*YOUR INSTRUCTIONS*. Every line of the records that holds the word "Dieseltriebwagen" should be copied.

Recorded data
- Opening Delimiter -

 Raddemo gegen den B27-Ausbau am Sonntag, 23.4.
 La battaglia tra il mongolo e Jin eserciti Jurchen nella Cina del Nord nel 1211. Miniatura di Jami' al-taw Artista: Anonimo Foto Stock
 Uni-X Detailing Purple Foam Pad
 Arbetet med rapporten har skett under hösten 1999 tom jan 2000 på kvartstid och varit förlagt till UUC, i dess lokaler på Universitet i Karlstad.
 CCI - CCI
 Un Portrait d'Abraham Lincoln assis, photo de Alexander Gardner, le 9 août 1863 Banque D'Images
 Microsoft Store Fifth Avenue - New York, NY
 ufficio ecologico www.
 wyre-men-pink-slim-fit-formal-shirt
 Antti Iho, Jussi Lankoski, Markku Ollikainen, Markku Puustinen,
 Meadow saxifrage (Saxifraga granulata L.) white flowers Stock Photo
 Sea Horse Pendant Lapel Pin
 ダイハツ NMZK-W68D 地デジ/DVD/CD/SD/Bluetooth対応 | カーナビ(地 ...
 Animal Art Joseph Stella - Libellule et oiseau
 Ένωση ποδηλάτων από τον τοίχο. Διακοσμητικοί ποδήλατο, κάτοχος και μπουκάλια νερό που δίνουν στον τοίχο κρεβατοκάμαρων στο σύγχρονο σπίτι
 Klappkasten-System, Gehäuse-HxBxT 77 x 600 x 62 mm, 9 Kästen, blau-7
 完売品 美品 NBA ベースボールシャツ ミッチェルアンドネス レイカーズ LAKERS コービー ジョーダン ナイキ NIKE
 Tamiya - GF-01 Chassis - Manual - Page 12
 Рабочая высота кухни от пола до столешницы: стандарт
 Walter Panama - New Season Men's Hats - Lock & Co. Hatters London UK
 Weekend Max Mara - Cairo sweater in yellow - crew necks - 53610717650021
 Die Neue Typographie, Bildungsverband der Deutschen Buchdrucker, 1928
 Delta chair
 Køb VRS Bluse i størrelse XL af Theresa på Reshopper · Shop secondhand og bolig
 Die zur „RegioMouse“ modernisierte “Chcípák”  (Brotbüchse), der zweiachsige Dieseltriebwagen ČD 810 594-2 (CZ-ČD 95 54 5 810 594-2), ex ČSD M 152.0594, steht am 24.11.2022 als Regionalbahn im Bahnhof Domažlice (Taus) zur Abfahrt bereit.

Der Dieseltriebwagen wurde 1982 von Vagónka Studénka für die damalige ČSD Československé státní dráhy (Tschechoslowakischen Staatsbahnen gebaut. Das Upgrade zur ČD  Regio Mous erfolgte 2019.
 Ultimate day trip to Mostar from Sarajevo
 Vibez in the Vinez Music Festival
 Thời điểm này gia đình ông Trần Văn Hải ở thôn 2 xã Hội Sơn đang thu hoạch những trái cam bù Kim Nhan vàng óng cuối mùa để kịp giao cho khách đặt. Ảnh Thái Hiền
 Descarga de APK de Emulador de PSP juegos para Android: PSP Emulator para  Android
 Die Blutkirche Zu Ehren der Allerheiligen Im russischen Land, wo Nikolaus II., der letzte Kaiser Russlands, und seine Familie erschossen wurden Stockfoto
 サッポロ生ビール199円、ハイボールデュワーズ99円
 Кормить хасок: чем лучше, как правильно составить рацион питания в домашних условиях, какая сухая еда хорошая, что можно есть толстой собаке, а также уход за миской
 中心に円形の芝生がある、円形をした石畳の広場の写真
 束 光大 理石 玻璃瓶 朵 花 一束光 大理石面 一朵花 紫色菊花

- Closing Delimiter -

*ANSWER TO THIS TASK*.
 Die zur „RegioMouse“ modernisierte “Chcípák”  (Brotbüchse), der zweiachsige Dieseltriebwagen ČD 810 594-2 (CZ-ČD 95 54 5 810 594-2), ex ČSD M 152.0594, steht am 24.11.2022 als Regionalbahn im Bahnhof Domažlice (Taus) zur Abfahrt bereit.
Der Dieseltriebwagen wurde 1982 von Vagónka Studénka für die damalige ČSD Československé státní dráhy (Tschechoslowakischen Staatsbahnen gebaut. Das Upgrade zur ČD  Regio Mous erfolgte 2019.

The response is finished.